You would think that the stores would be set up more in a geographical setting. I mean, moose? Elk? Really? The store may not be huge but you would think it would be more geared towards local type stuff.


----------



## Deazl666 (Mar 30, 2012)

I blinked and missed the fishing department.


----------



## Bleeding Minnow (Feb 22, 2012)

didnt see the aquarium. wonder if this store will have one?


----------



## Boostedawdfun (Sep 15, 2012)

It said on the news that they do have an aquarium. I was looking for it as well and didn't see one.


----------



## shwookie (Jun 15, 2007)

But guys it has a cafe so don't worry....


----------



## bigticket (Jun 24, 2009)

Seriously, could the camera person spend any LESS time in the fishing section?
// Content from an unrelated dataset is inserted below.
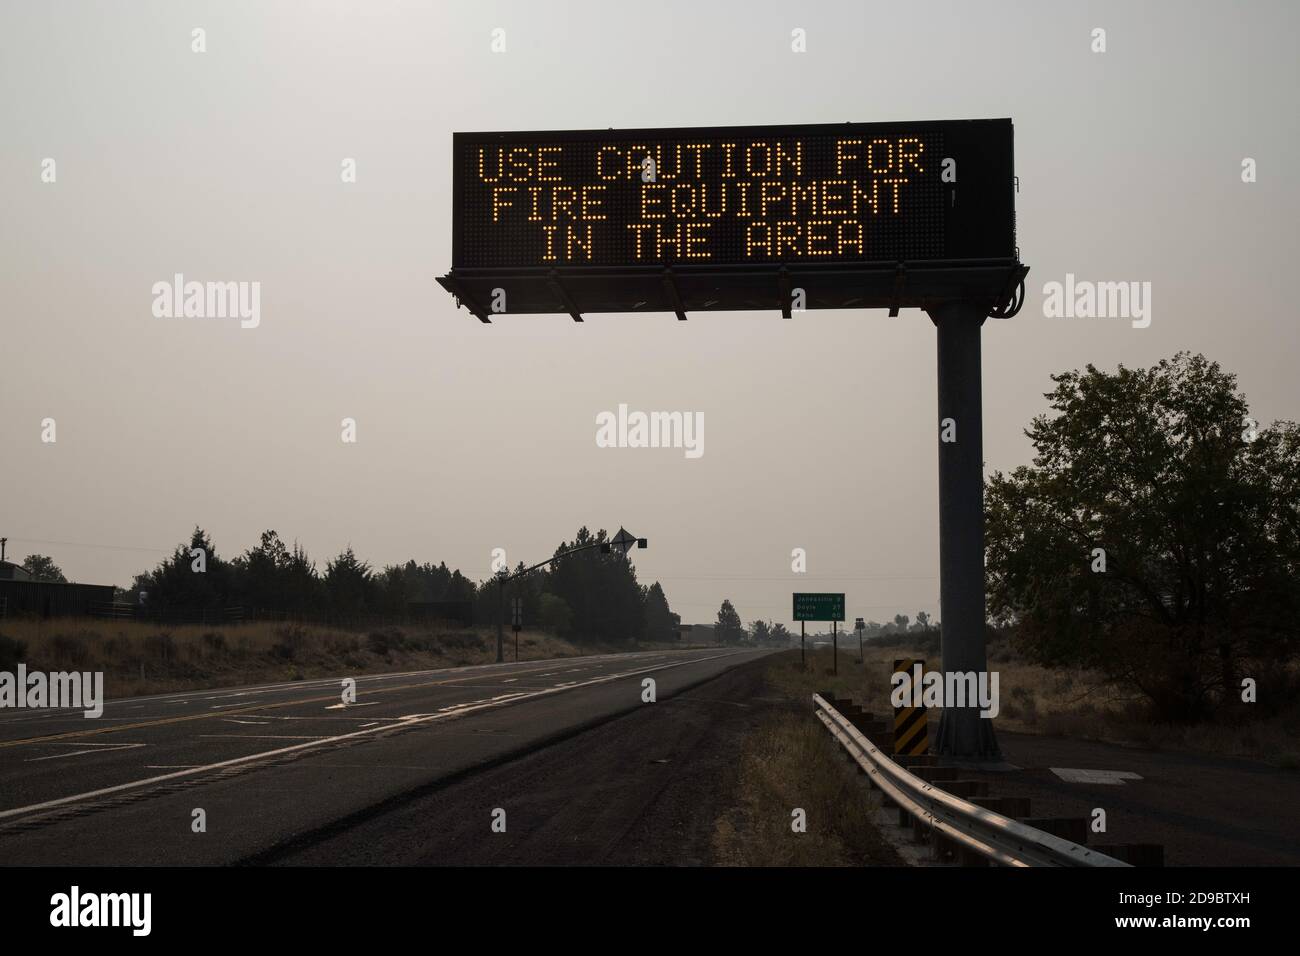 SUSANVILLE CALIFORNIA - 13 SEPTEMBRE 2020 - LE panneau d'information CALTRANS au-dessus de l'US Highway 395 avertit les conducteurs de surveiller les véhicules d'incendie comme l'air aroun Banque D'Images

They focus more on toy tractors and lawn equipment. Oh well, it still looked promising from what little you could see.


----------



## imalt (Apr 17, 2008)

I was planning on coming up for the grand opening from cincinnati. After that video I think I will wait and see what everyone has to say about it once they go. I could do without the huge toy selection and all the stuffed animals. Nice camera work by channel 10 also.


----------



## Angler ss (May 15, 2008)

I went to the Dundee store Saturday.The bait shop closed it is now kids toys.Bow shop was gone had small bow section up front. Moved all the beds and flower smelling crap from upstairs to what used to be the fishing dept. Had like 4 boats inside the boats and fishing was together in the back of the store did have a lot of lures but sonar and trolling motor area was smaller than the one at Sandusky Dicks. The clothing section gets bigger every time I go to the store. Most of the time they have some great sales didn't have much on sale this weekend. Like most other guns stores they didn't have much ammo no .380 no 9mm no .22 long rifle they did have .357 and .45 ammo. 
I feel Cabelas is looking to market more to women shoppers and less to men and women outdoors people.


----------



## Deazl666 (Mar 30, 2012)

Fin, Fur, and Feather in Ashland, OH, is probably my favorite place to buy tackle. Also, the selection at Gander right now is the best I've seen from them. I figured they at least try to get their act together before Cabela's plunges the knife into their chest...


----------



## bkr43050 (Apr 5, 2004)

It sounds like most folks are expecting to see a store on the scale of Dundee or Wheeling but I don't believe this one was ever billed as that. I didn't see anything that scared me away. From what I saw I can't think of anything else in Cbus area that is better. I still will not use them as my primary source for most easy to find items. They have never been the best place to price shop. It is the hard-to-find stuff that will get me in the store.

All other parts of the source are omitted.